EXERCISE> Using the records that follow, reproduce exactly the lines starting at the line containing "Game High 24" and ending at the line containing "Alistair Maclean - Hajtóvadászat". Include both end lines and no pictures.

EXERCISE INPUTS>

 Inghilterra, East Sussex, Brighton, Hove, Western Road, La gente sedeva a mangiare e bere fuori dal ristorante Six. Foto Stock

---

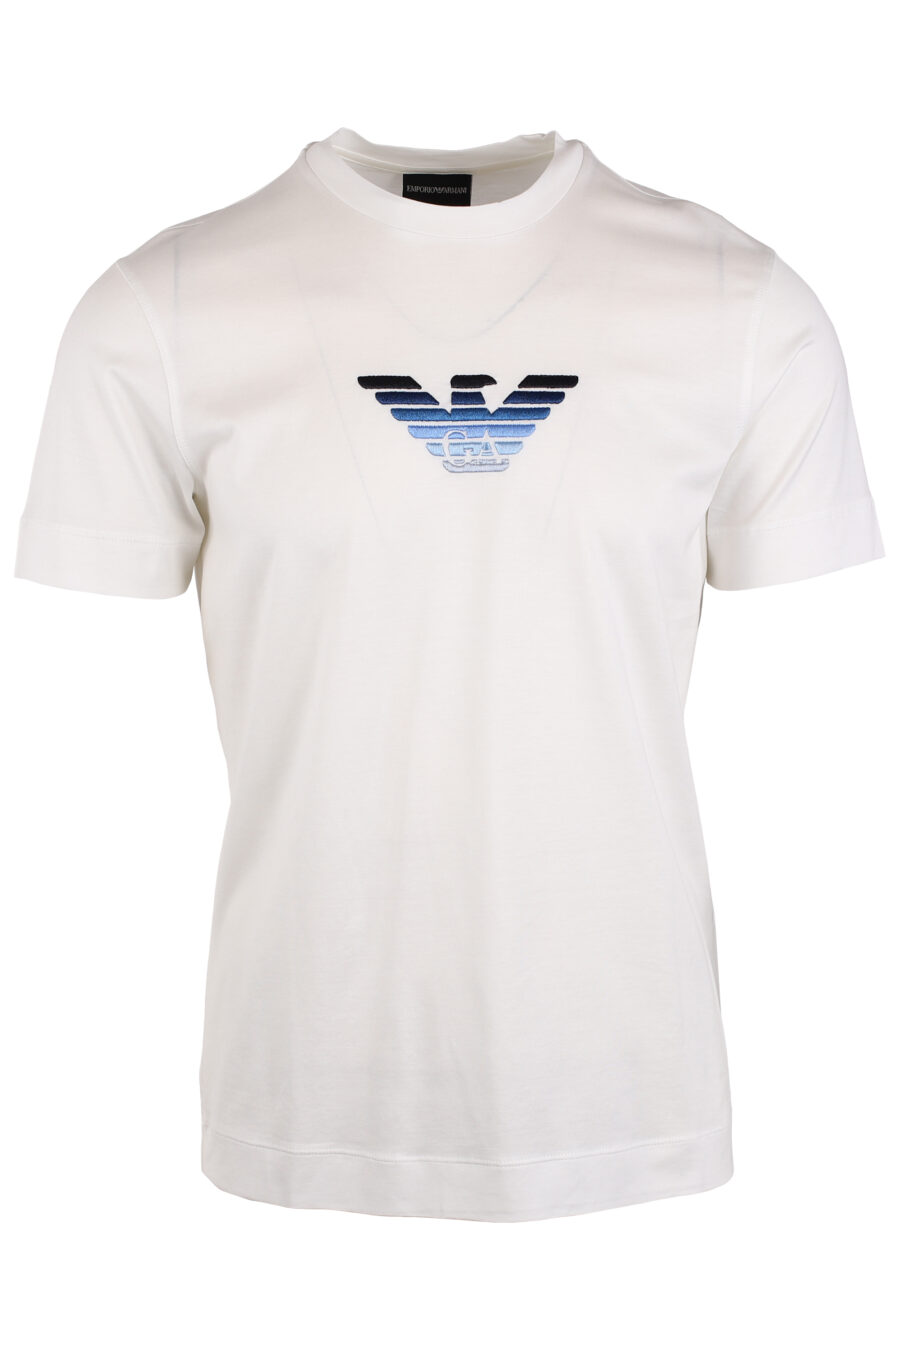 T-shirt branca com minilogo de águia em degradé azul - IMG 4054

--

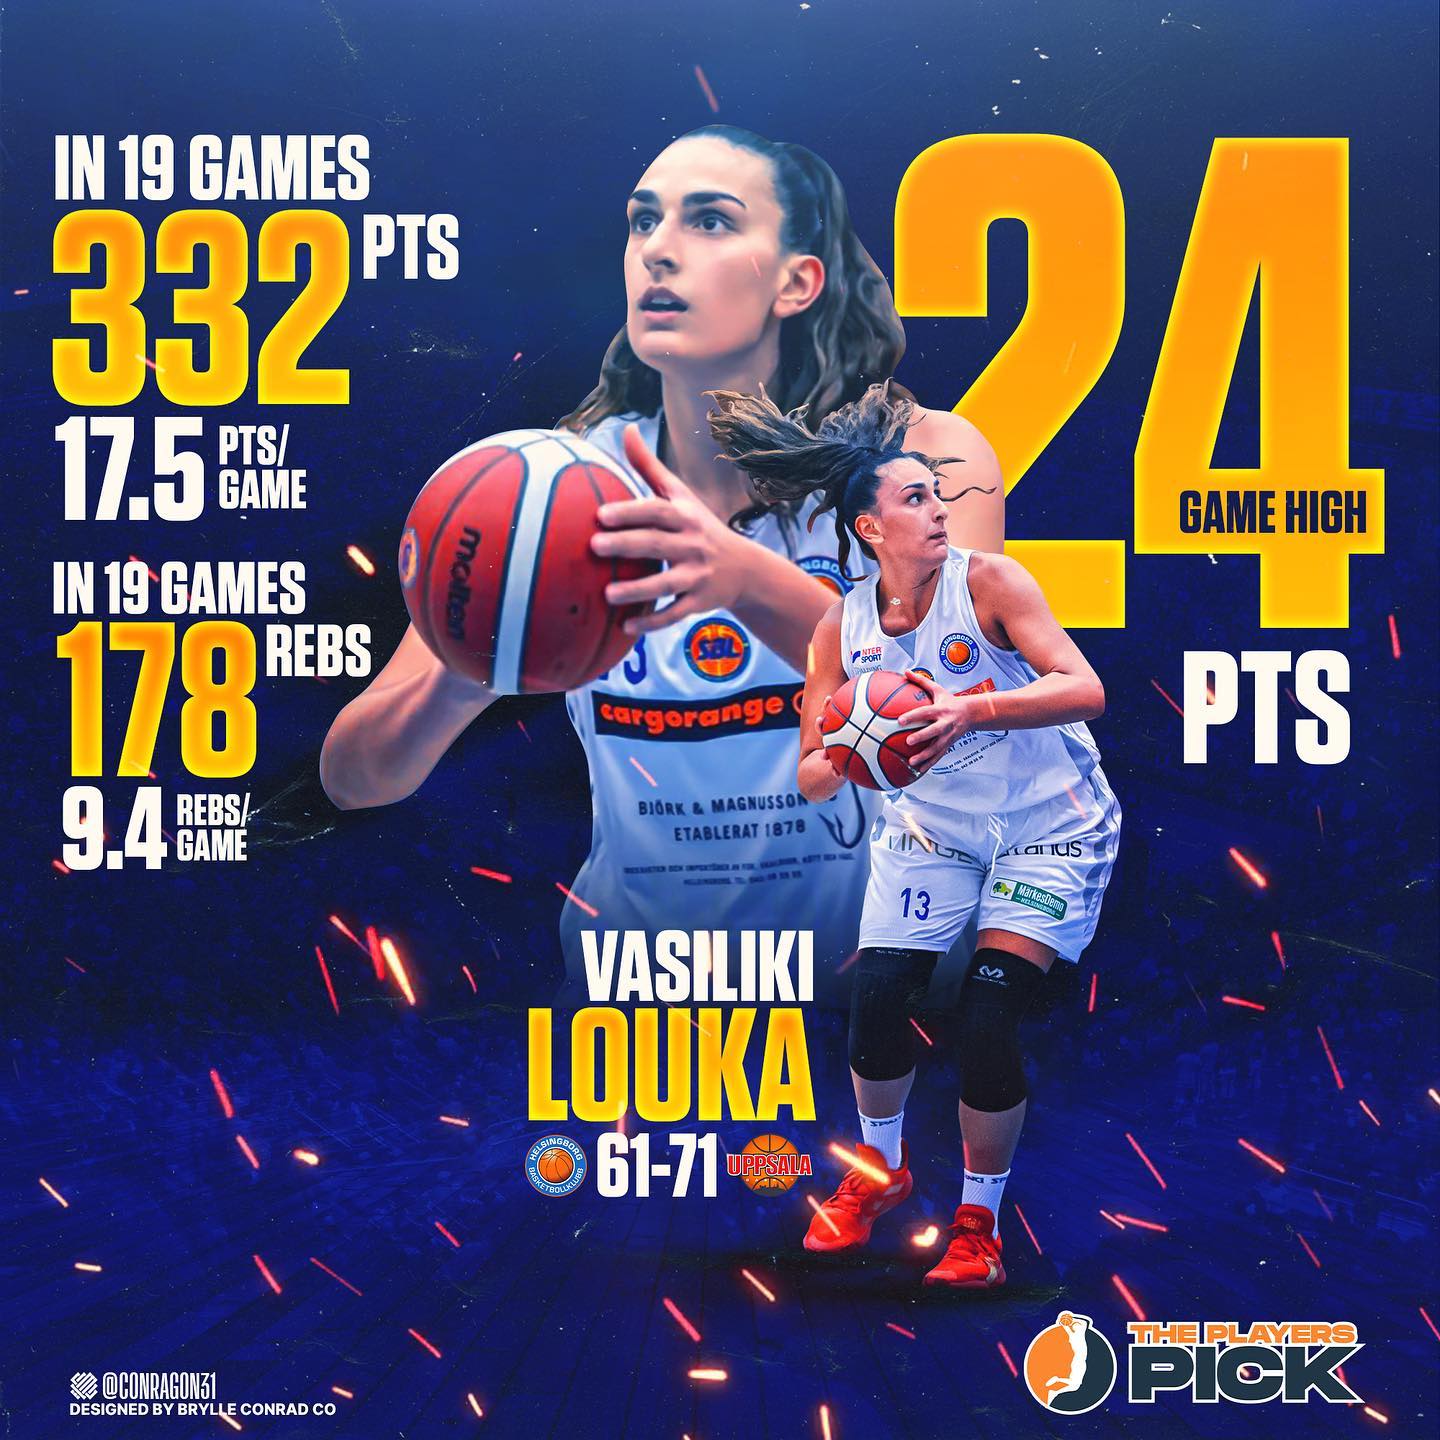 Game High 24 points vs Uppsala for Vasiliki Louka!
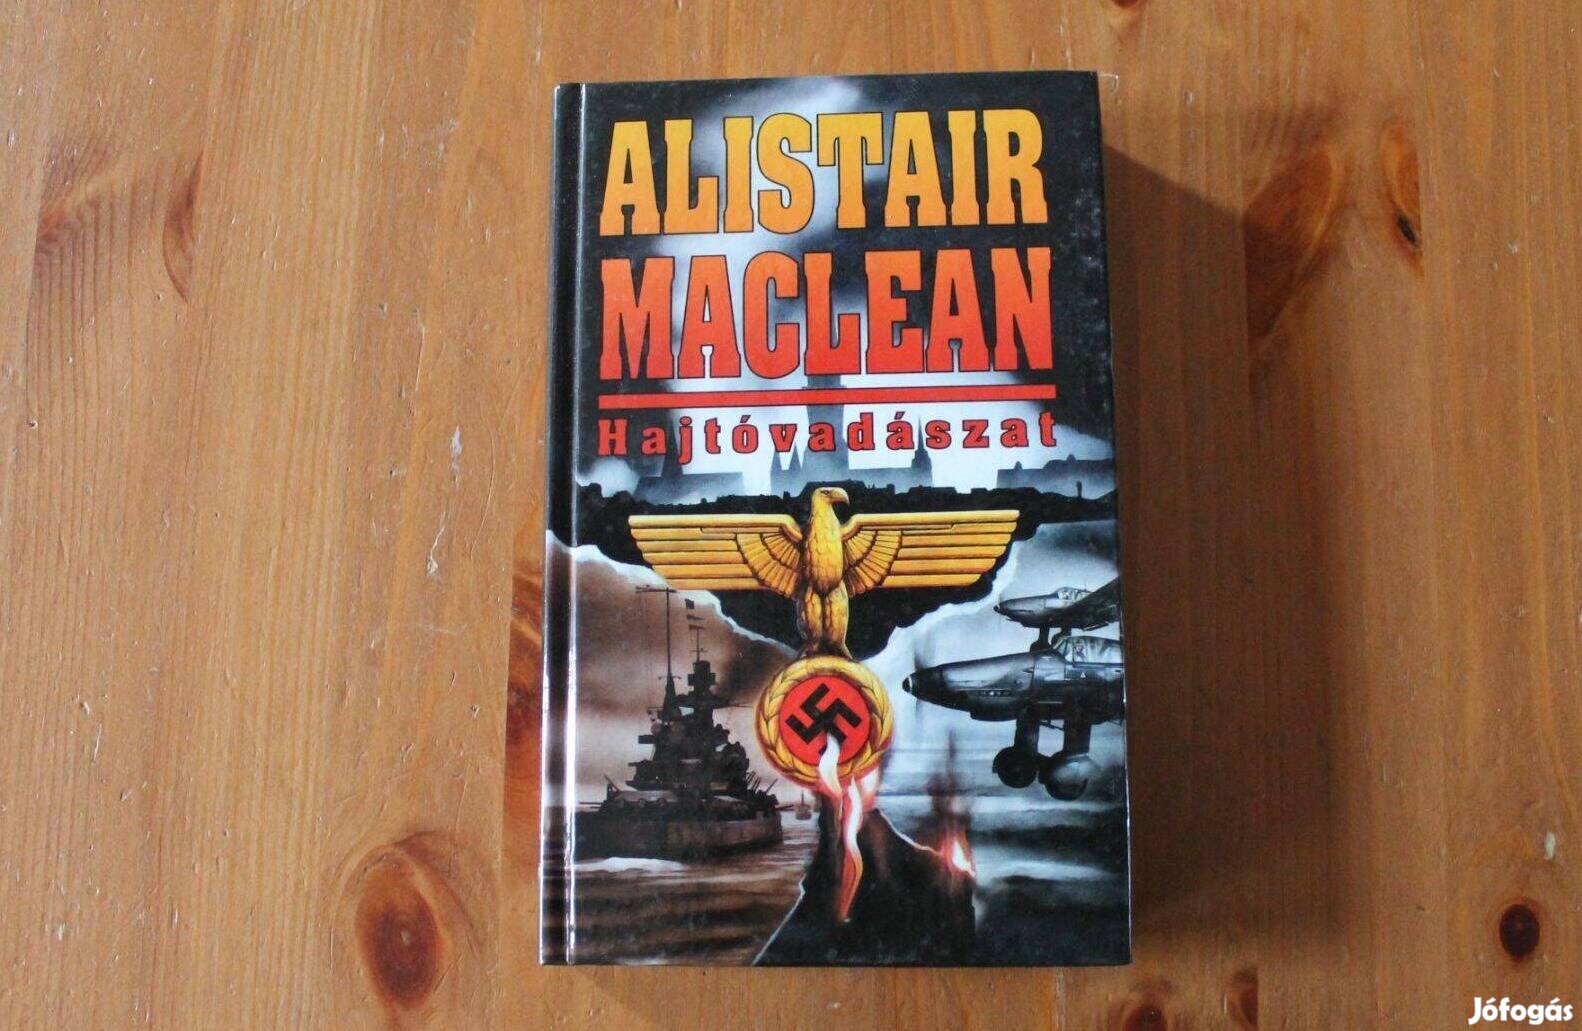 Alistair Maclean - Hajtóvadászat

RESPONSE TO THIS EXERCISE>
 Game High 24 points vs Uppsala for Vasiliki Louka!
 Alistair Maclean - Hajtóvadászat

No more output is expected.